Каждый вечер складывался одинаково: поначалу совместный ужин – каша, сыры, запеченное мясо, хлеб, оливковое масло. За длинными столами восседали все – женщины, дети и подростки, а так же все те, кто скидывался на пир; но даже и тот, у которого бы не было из чего дать, голодным не оставался. Тогда-то Яаков и представлял рассказы из турецких краев, часто смешные и забавные, так что большая часть женщин, очарованных его красивой речью и весельем, избавлялись плохих мыслей о нем, а дети принимали его за необычного сказочника. После того была совместная молитва, которой он нас обучил, а когда женщины убирали со стола и укладывали детей спать, оставались уже только те, которые были достойны участвовать в ночных учениях.
Яаков всегда начинал с бремени молчания.
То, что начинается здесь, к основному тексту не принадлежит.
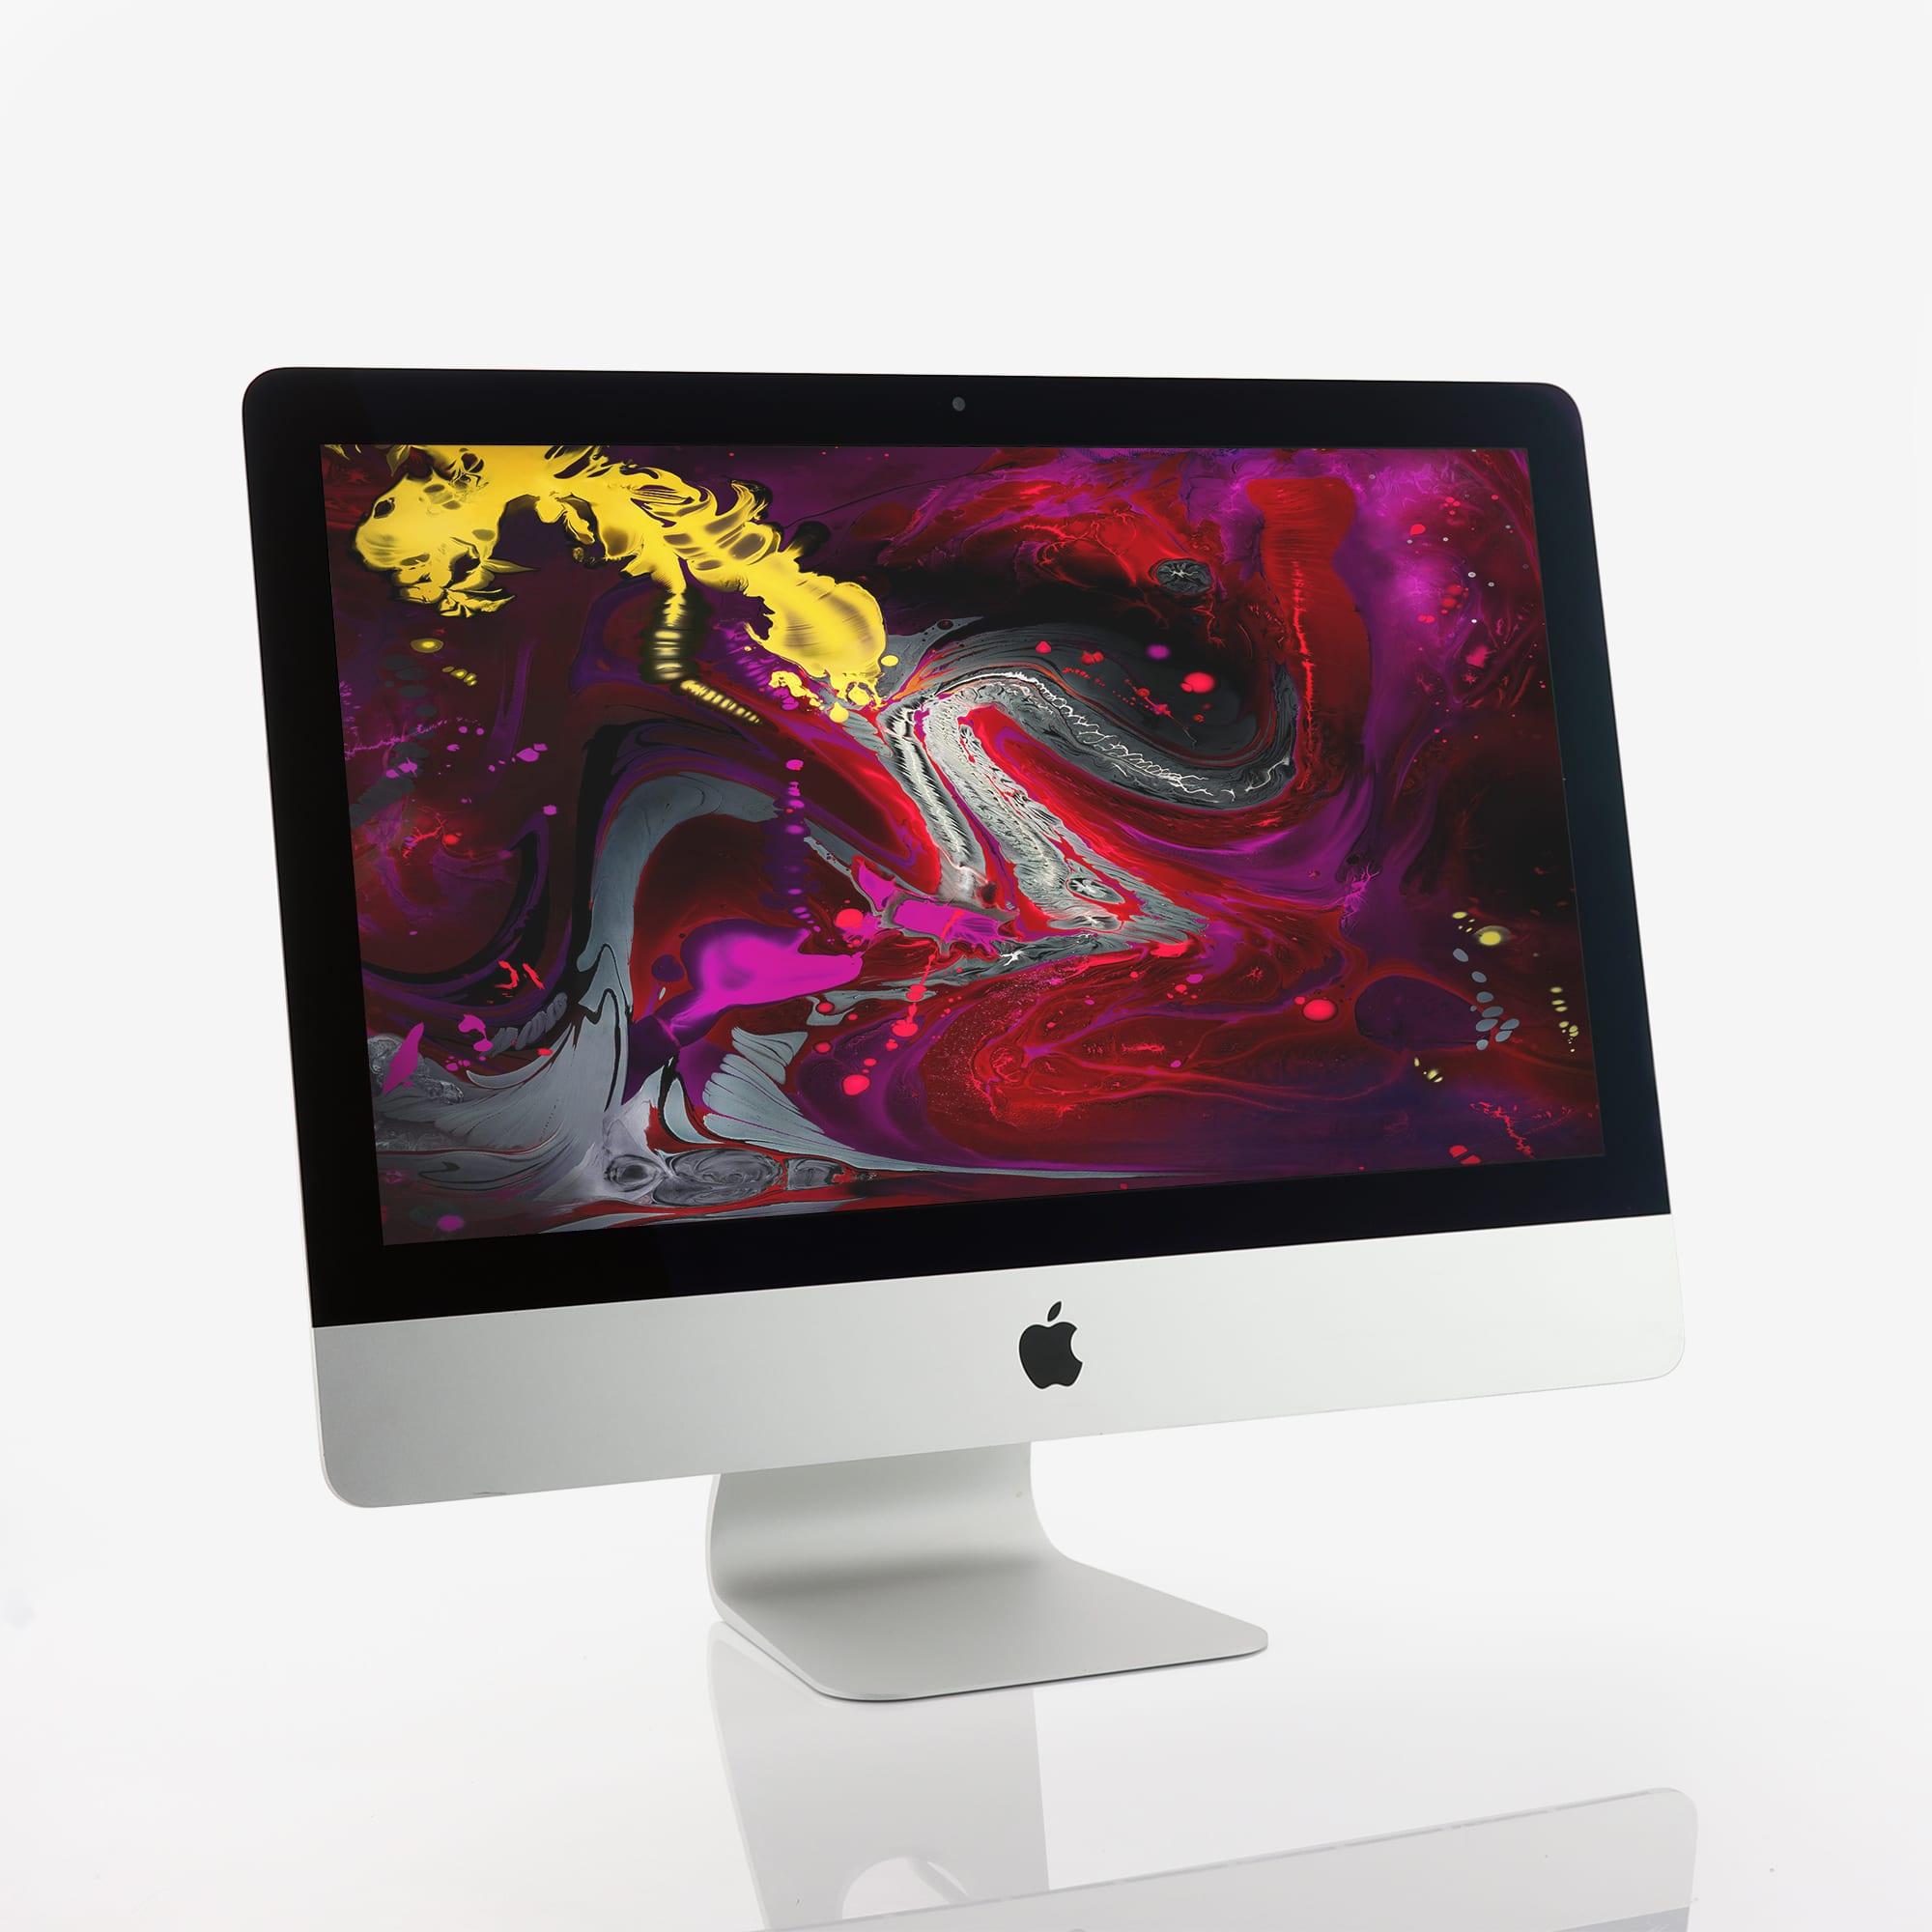 1 x Apple iMac Slim 21.5 Inch Intel Core i5 2.70 GHz (2012)

Он поднимал тогда указательный палец и передвигал его, выпрямленный, вверх, перед своим лицом в одну и другую сторону, а все наши взоры устремлялись за этим пальцем, за которым лицо его расплывалось и исчезало. Тогда он произносил слова: "Шлоисто сефорим нифтухем", что означало: "Три книги открываются". И тогда воцарялась пронзительная тишина, так что можно было слышать шелест страниц священных книг. Затем Яаков прерывал эту тишину и учил нас: все, что вы услышите здесь, обязано запасть в вас, как в могилу. И с этих пор вот, что будет нашей религией: молчать.
Он говорил:
"Если бы кто желал добыть твердыню, тот не может совершить этого одной лишь болтовней, преходящим словом, но ему необходимо отправиться туа с армией. Так и мы обязаны действовать, а не говорить. Разве мало ли наговорились наши деды, насидевшись над писанием? И на что им сдалась та болтовня, как она им помогла, что из этого последовало? Лучше видеть глазами, чем говорить словами. Не нужно нам умников".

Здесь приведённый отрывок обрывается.